For more information on her work and workshops, visit: https://rebeccaevanswriter.com/
Joseph Salerno works as a part-time office manager for a small accounting firm. He has a BA in Psychology from SUNY - Empire State College and he is a proud member of the Long Island Writers' Guild.
His stories have been published on numerous occasions: Guilders '84 - The Literary Magazine of Hostra University (1984), Open Minds Quarterly (2014), and Scribes Valley Publishing anthologies 2019-2023.
Joseph is an enthusiastic board game player (quite ruthless at backgammon), and he lives with about a dozen large houseplants three blocks from the New York City limits.
**Please note: Ava's story will not appear in the anthology**
Ava Ming’s short stories have been featured in several print and online anthologies; Midnight&Indigo, Birmingham Nouveau, Original Skin, Whispers in the Walls, Chemistry, The Bangalore Review, Twist and Twain, Junoberry Books and The London Independent Short Story Prize 2024.

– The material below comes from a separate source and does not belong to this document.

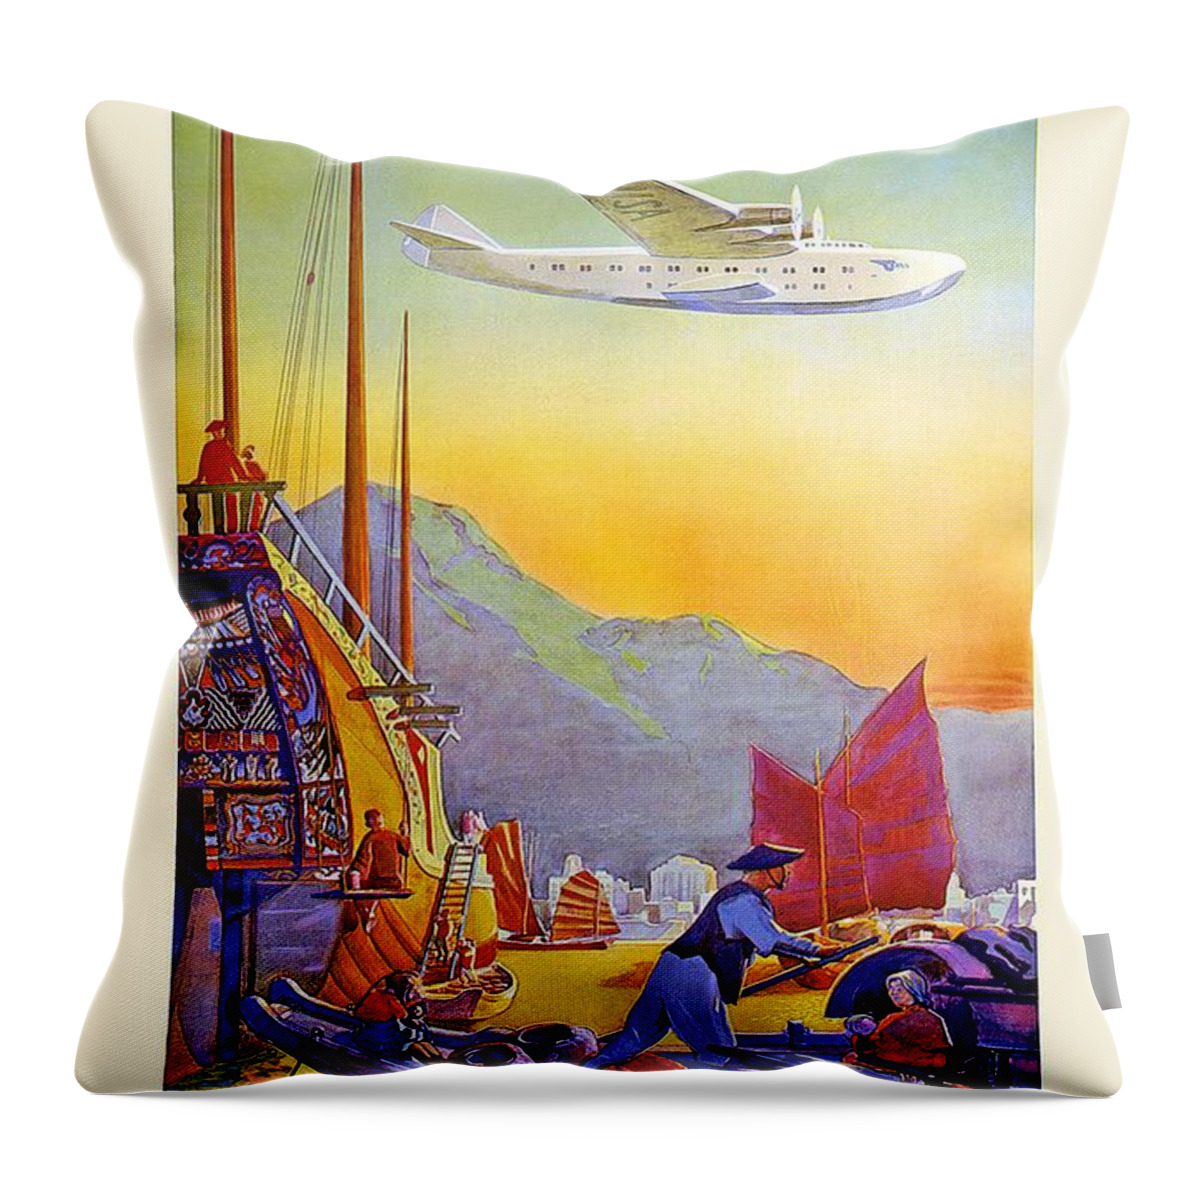 Transpacific Flight Throw Pillow featuring the painting Transpacific Flight - Pan American Airways - Vintage Advertising Poster by Studio Grafiikka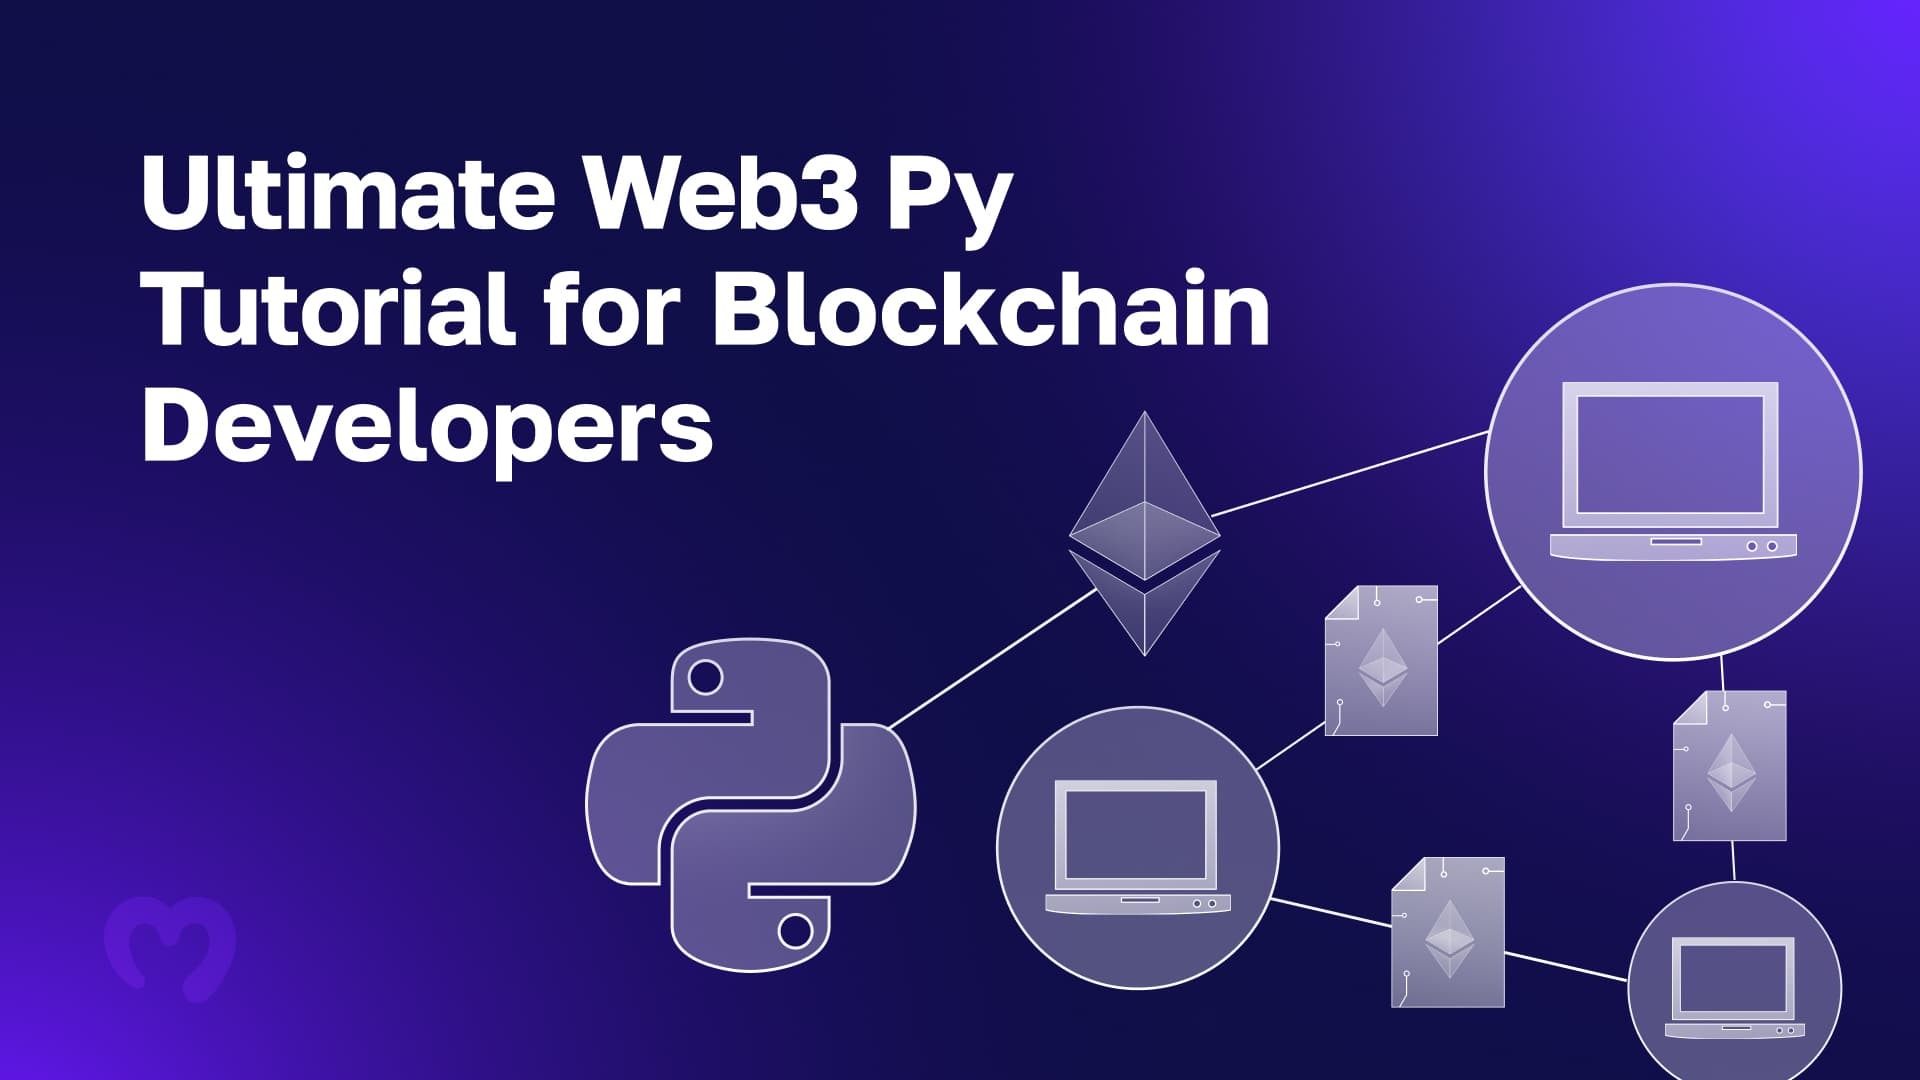 Exploring the Ultimate Web3 Py Tutorial for Developers in Blockchain

Her short story, "The Hijab" was broadcast on BBC Radio where she was later BBC Radio Drama Writer in Residence. She’s had three plays produced for the stage, one of which features in the online archive; Wilberforce Institute for the study of Slavery and Emancipation (WISE) at the University of Hull and, was a runner-up for the Alfred Fagon award. She was also writer and coach for the English Heritage project; Interwoven Freedom, Abolitionist Women in Birmingham.
Ava lives in Birmingham in the UK and is currently working on two writing projects; a short story anthology and a novella with the hopeful but ambitious goal of publishing both in 2024.